Jestem swoim własnym arcydziełem i zawsze oceniałem swoje postępy na różne sposoby. Mój nowy sposób: Przygotowanie na Kilimandżaro.

t Mam nowy cel fitness: wspinaczkę na Kilimandżaro tego lata. 12 dni, 19 000 stóp, dwa tygodnie, bez dzieci, aż do „sufitu” Afryki. Jeśli chodzi o zdrowie, jestem po części trenerem, artystą i torreadorem, trenuję i rzeźbię oraz dokuczam sobie do lepszego zdrowia. Jestem swoim własnym arcydziełem i zawsze oceniałem swoje postępy na różne sposoby.
- Rozmiar dżinsów: Każda kobieta ma „asortyment dżinsów”. Czuję się komfortowo psychicznie między rozmiarem 6 a 8. W rozmiarze 4 mogę potrzebować dodatkowej kanapki, a rozmiar 10 wskazuje, że konieczne może być ograniczenie kalorii.
- Waga: Każdego roku moja waga wzrasta o kilka funtów, ale od ósmej klasy moje samozwańcze spektrum zaczyna się od 130-kilku kilogramów. Bez znaczenia. Co.
-
Bractwo wędrownych spodni: Podczas gdy moje dziewczyny są inaczej ukształtowane, ja jestem w stanie pożyczyć część ubrań wiszących w ich szafach. Mam problem, jeśli się nie zmieszczę
- Dawne ja. Po raz drugi wyszłam za mąż kilka dzieci temu. Dobrą zasadą zdrowia i dobrego samopoczucia jest to, że potrafię przynajmniej częściowo zapiąć prostą białą koktajlową suknię ślubną, którą wyszłam za mąż 15 lat temu.
- Miejsce problemu. Większość ludzi ma co najmniej jeden „problem” ze swoim ciałem.
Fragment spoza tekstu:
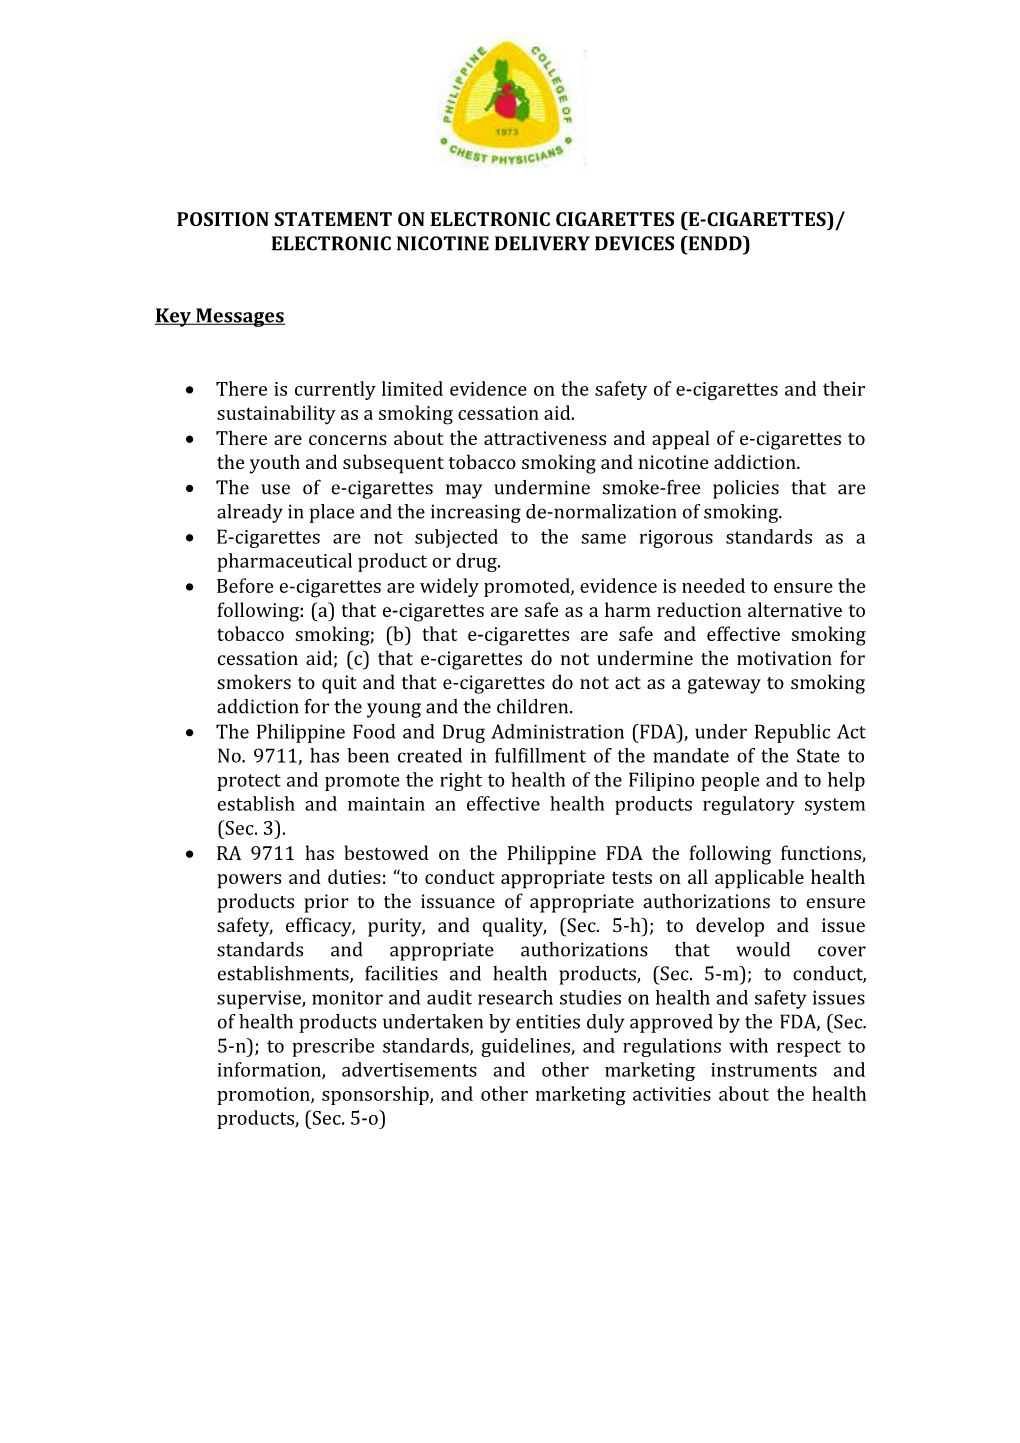 Position Statement on Electronic Cigarettes (E-Cigarettes)

Po czwórce dzieci i 43 latach mój brzuch jest moim problemem. Niewiele mogę zrobić z rozstępami, ale jestem gotowa na każdą aktywność, która zmniejsza tę genetyczną zniewagę.
t Oto cztery nowe sposoby oceny swojego ciała:
Wytrzymałość
T
Źródło zdjęcia: Paul Bradbury/OJO Images/Getty Images
t Każdego dnia staram się budować silne, wspinaczkowe mięśnie. Dodatkowa pompka, skok w bok, wspinanie się po ścianie; wszystko wskazuje na to, że jestem trochę bardziej gotowy na moją przygodę.

Wytrzymałość
T
Źródło zdjęcia: Jordan Siemens/Digital Vision/Getty Images
t Moja codzienna aktywność jest klasyfikowana jako siedząca, wypełniona godzinami przed klientami i ekranami laptopów. Nigdy nie poruszałem się bez przerwy przez sześć godzin w ciągu jednego dnia, a tym bardziej przez 12 dni, które zajmie zdobycie góry Kili i powrót do bazy. Każda dodatkowa minuta sprawności to psychiczne i fizyczne zwycięstwo.

Spójność
T
Źródło zdjęcia: Obrazy bohaterów/Obrazy bohaterów/Getty Images
t Każdy dzień mojego życia to góra wypełniona barierami, które mogą odciągnąć mnie od siłowni i drogi. Trening to proces stopniowy, połączony z dniami poprzedzającymi wspinaczkę. Nie będę w stanie wcisnąć fitness na tygodnie przed wspinaczką, więc każdy dzień, w którym ćwiczę, jest osobistym triumfem.

Podziw
T
t Nikt nie jest bardziej zaskoczony niż ja, kiedy patrzę w lustro i podziwiam swoje ciało. Mięśnie rozwijające się pod zwiotczeniem i starzejącą się skórą są niezaprzeczalne. Podziwiam mój rozwijający się charakter, wyrastający z tego codziennego zaangażowania. Powiedziałem, że to zrobię i tak też jestem.
t Jak na ironię, nigdy nie czułem się tak… cóż, nie ma innego sposobu, aby to powiedzieć… gorący. Ludzie zaczynają pytać, co się zmieniło (czy to nowa fryzura?). Komentują definicję w moich ramionach i pytają o mój schemat treningu (robisz Crossfit?). I nic z tego nie ma znaczenia.
Zamieniłem wizję lat trzydziestych na przywilej spania nad chmurami i pod gwiazdami. I chociaż planuję przejść do kolejnego wyzwania, kiedy skończę tę wspinaczkę, Kilimandżaro już zmienił moje życie. Myślę, że zachowam ten nowy sposób osądzania siebie.
t Chcesz dowiedzieć się więcej o wspinaczce Liz na Kilimandżaro? Obejrzyj ten film i dowiedz się, jak możesz się zaangażować!